It has been mentioned above that in describing elastic applications and real-time applications, we use utility functions:
to characterize the traffic d respectively i Is not required for QoS. In contrast to the RAN side, in which the argument is changed to the computation service d i The number of CPUs n required by the core network side. But this can only reflect QoS requirements of different services. Due to the limited computational resources, after the computational resources are allocated, a reasonable scheduling rule is required to reflect which service is to be prioritized, and therefore a "network request cost" function W is introduced to characterize the priority of the service. For any application service d i The value of the network request to be satisfied is defined as:
W i =2 (p) U i
where p is traffic d i Priority level of U i Is any element in the elastic application and real-time application composition set, namely U i ∈{U e ,U kt }. Weight of service request 2 (p) Indicating the importance of the request relative to other requests. Defining a reward function as:
R=W i
the above-mentioned service d can only be obtained i We need to get priority queuing for a series of servicesIn the case of a long-term prize, the accumulation is therefore required to be maximized, i.e
FIG. 5 is a mapping of smart grid slice resource management mechanism to RL:
next, a slice allocation method based on reinforcement learning in the above model background proposed in the present application will be described.
Q-based -learning Reinforcement learning algorithms on RAN and CN sides. Since the expressions of RAN, CN side state set, action set and rewarding function are slightly different in the above, and here, Q is based on our proposed mapping model of RL to RAN, CN -learning The algorithm has universality, and for convenience of representation, the unified state space is S= { S in this section 1 ,s 2 ,...,s n Motion space is a= { a } 1 ,a 2 ,...,a n The reward function is r= { s, a }, P (s, s) * ) Representing the transition probability of a transition from state s to s'.
The final goal of the slice controller is to find the optimal slicing strategy pi * The policy is a mapping from state sets to action sets and needs to maximize the expected long-term discount rewards for each state:
the long-term discount rewards for state s is the sum of the discounts for rewards obtained on the state trajectory and is given by:
R(s,π(s))+γR(s 1 ,π(s 1 ))+γ 2 R(s 2 ,π(s 2 ))+...
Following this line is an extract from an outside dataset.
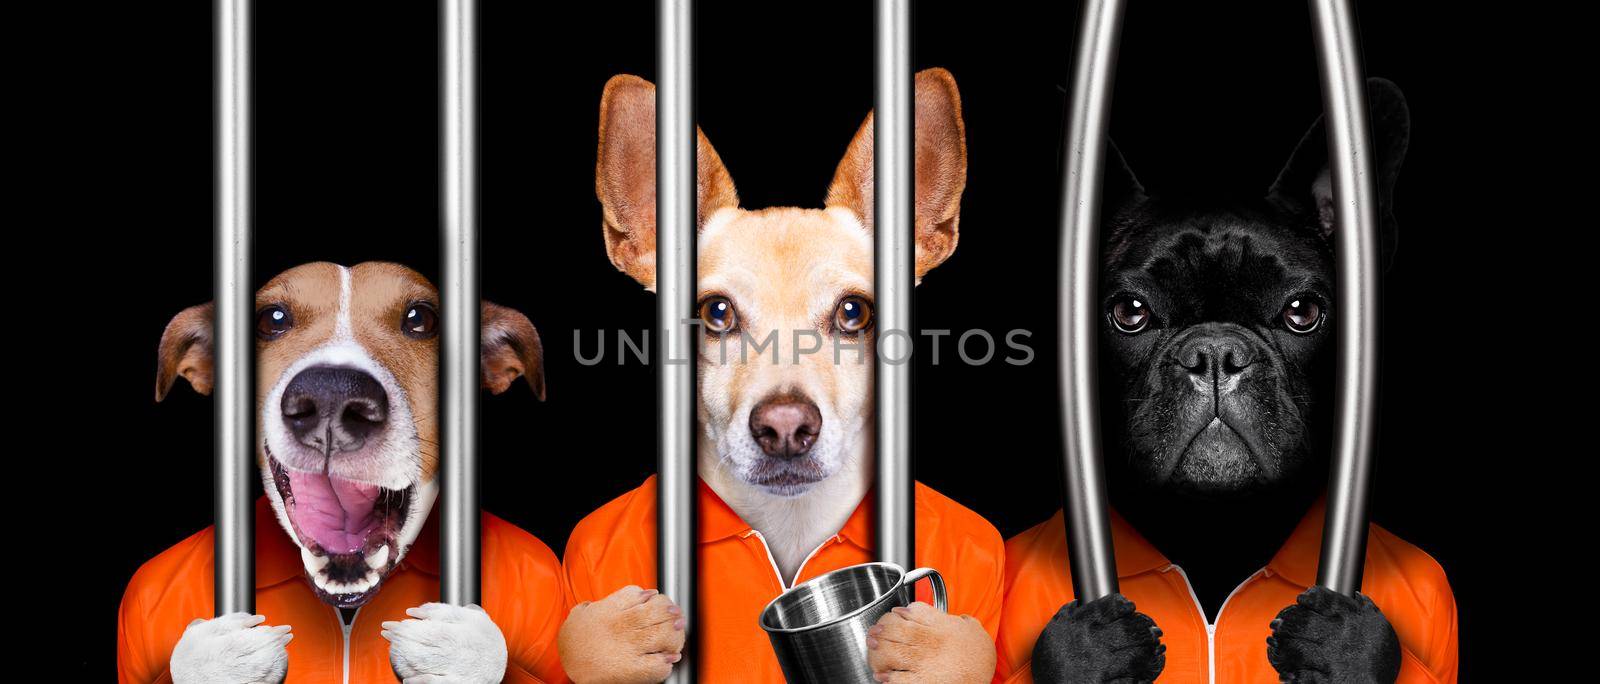 dogs behind bars in jail prison by Brosch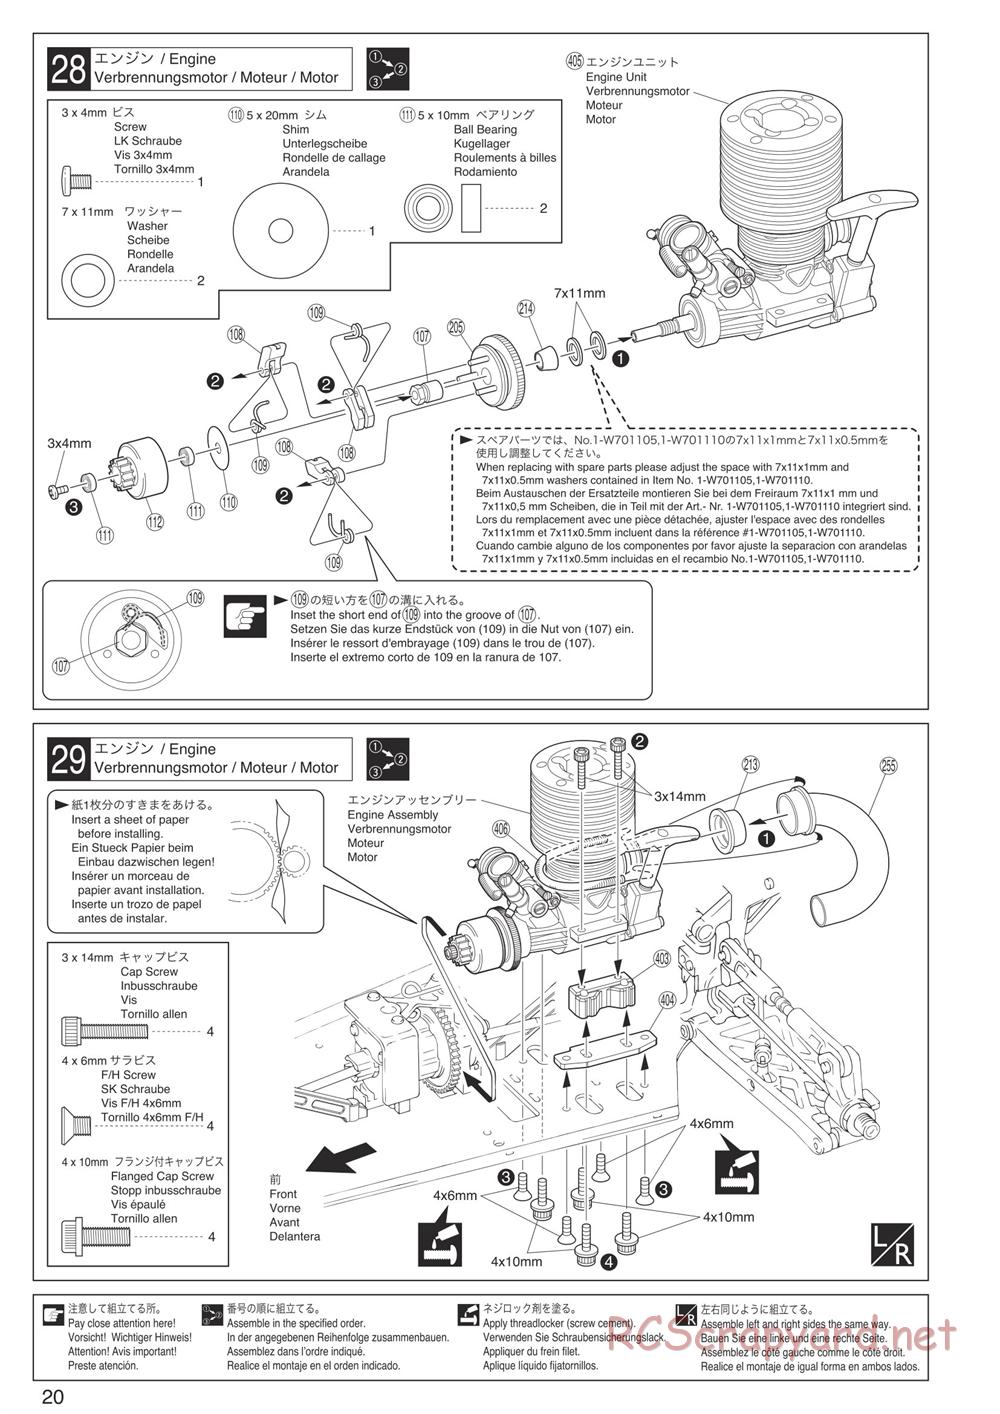 Kyosho - Inferno Neo Race Spec - Manual - Page 20

where γ is a discount factor (0 < γ < 1), determining the present value for the future prize. The optimization objective in formula (x) represents the state value function of any policy, which can be expressed as follows:
there is at least one optimization strategy in a single environment setting according to the optimality criteria of Bellman. Thus, the state value function of the optimal strategy is given by:
the state transition probabilities depend on many factors, such as traffic load, traffic arrival and departure rates, decision algorithms, etc., and thus may not be readily available either on the radio side or on the core network side. Model-free reinforcement learning is therefore well suited to deriving an optimal strategy because it does not require the expectation of rewards and the state transition probabilities can be known as a priori knowledge. Among the various existing RL algorithms, we choose Q -learning 。
Taking the RAN side as an example, the slice controller interacts with the wireless environment in a very short discrete time period. The action-value function (also referred to as Q value) of a state-action doublet (s, pi (s)) may be represented as Q (s, pi (s)). Q (s, pi (s)) is defined as the expected long-term discount prize for state s when using policy pi. Our goal is to find an optimization strategy that maximizes the Q value for each state s:
according to Q -learning The algorithm, the slice controller can learn the optimal Q value through iteration based on the existing information. At any time, the slice controller in state s may select action a. This will result in a bonus instant prize R t At the same time, the next state s' is also shifted. Q (Q) -learning The process of the algorithm can be expressed by the following updated equation:
where α is the learning rate, anIs all instant rewards R t Discount accumulation of (c):
by updating the Q value for a sufficiently long duration and by adjusting the values of alpha and gamma, it is ensured that Q (s, a) can eventually converge to the value at the time of the optimal strategy, i.e.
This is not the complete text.